Uit de overwegingen in 4.2 tot en met 4.6 volgt dat appellante de wachttijd van 104 weken, die is aangevangen op de eerste ziektedag 10 augustus 2017, niet heeft vervuld. Met de rechtbank wordt overwogen dat het Uwv terecht heeft geweigerd appellante per 8 augustus 2017 een WIA-uitkering toe te kennen.
4.8.
De overwegingen in 4.2 tot en met 4.7 leiden tot de conclusie dat het hoger beroep niet slaagt en de aangevallen uitspraak moet worden bevestigd. Dit betekent dat er geen grond is voor toekenning van de gevraagde schadevergoeding in de vorm van wettelijke rente.

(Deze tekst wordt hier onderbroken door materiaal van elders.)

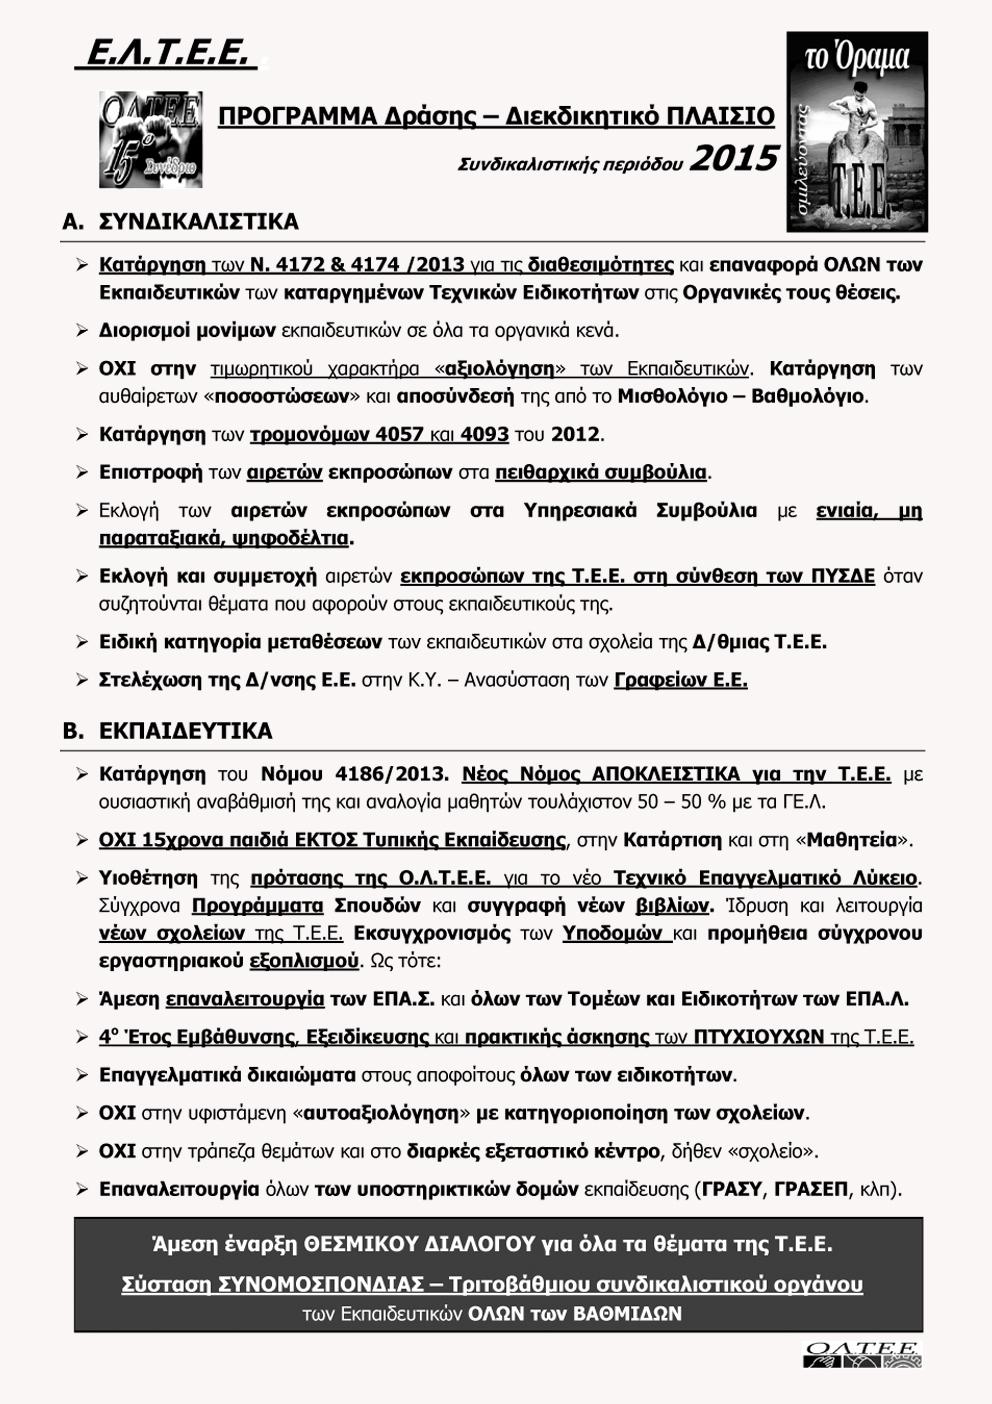 ΕΛΤΕΕ_Πρόγραμμα Δράσης 2015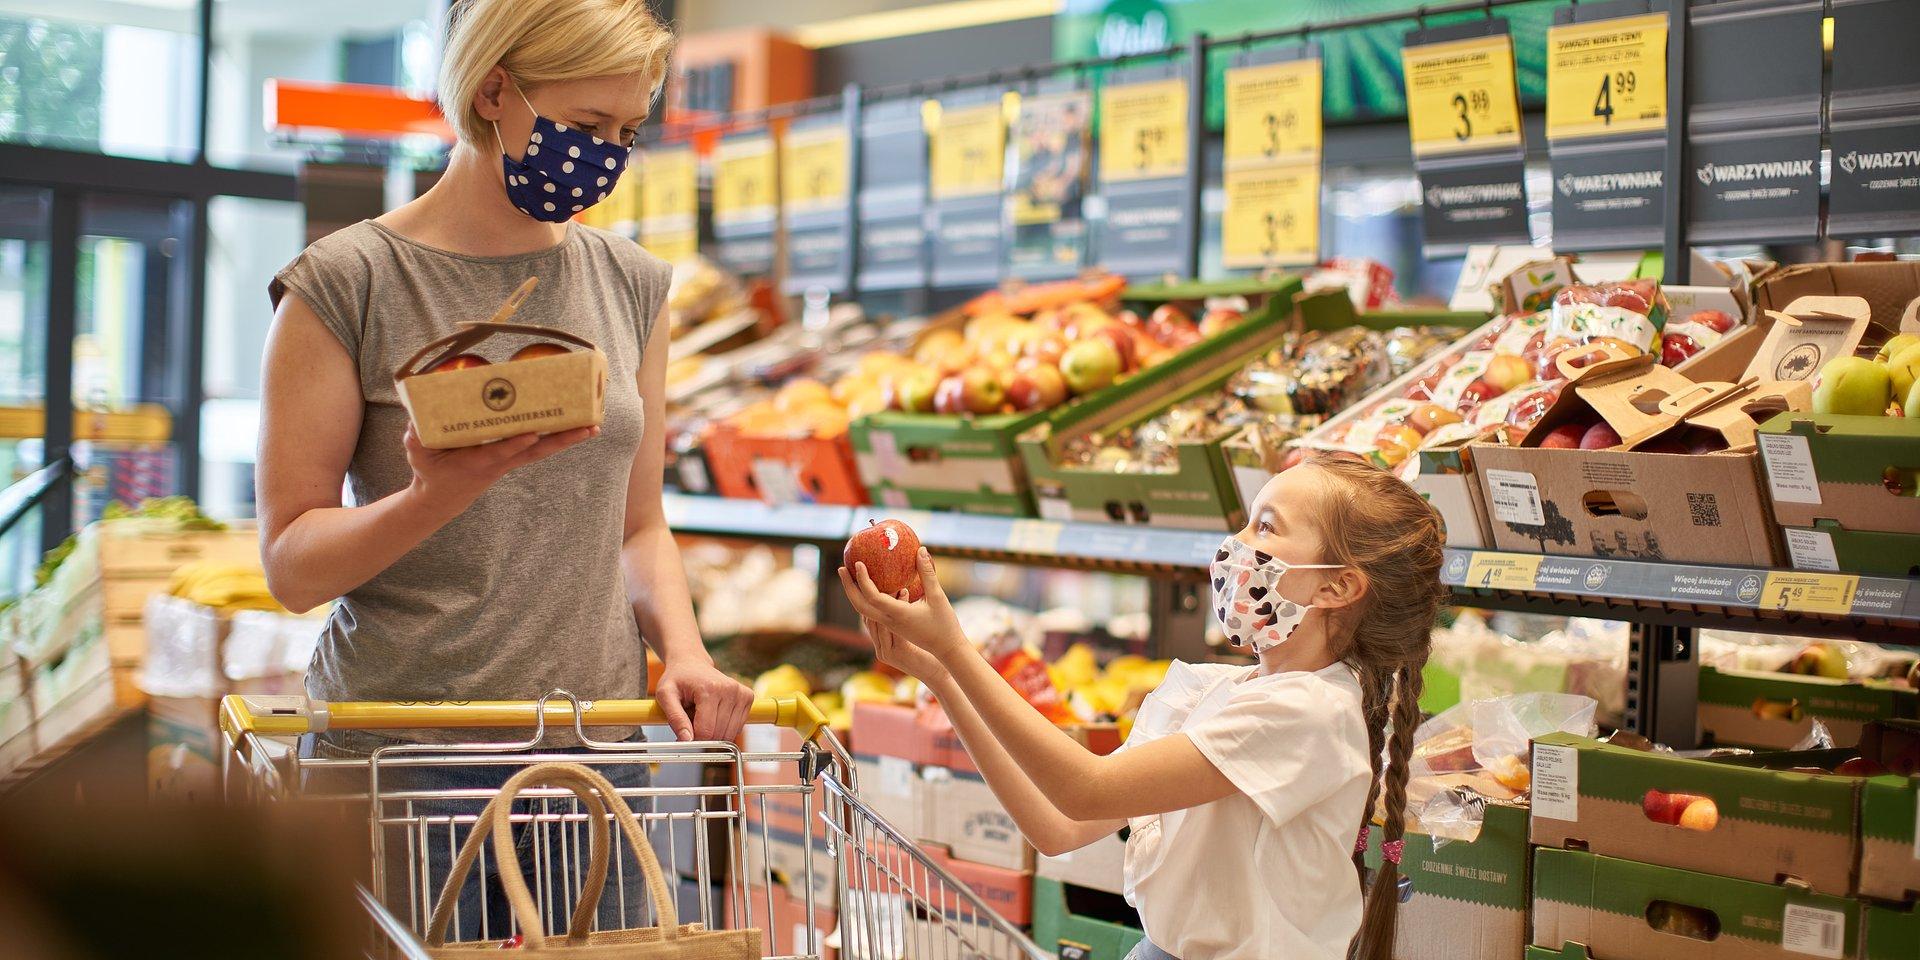 Promowanie zdrowych nawyków żywieniowych

5. Voor een veroordeling in de proceskosten bestaat geen aanleiding.

BESLISSING

De Centrale Raad van Beroep
- bevestigt de aangevallen uitspraak;
- wijst het verzoek om veroordeling tot vergoeding van schade af.
Deze uitspraak is gedaan door F.M. Rijnbeek, in tegenwoordigheid van L. Winters als griffier. De beslissing is uitgesproken in het openbaar op 6 april 2022.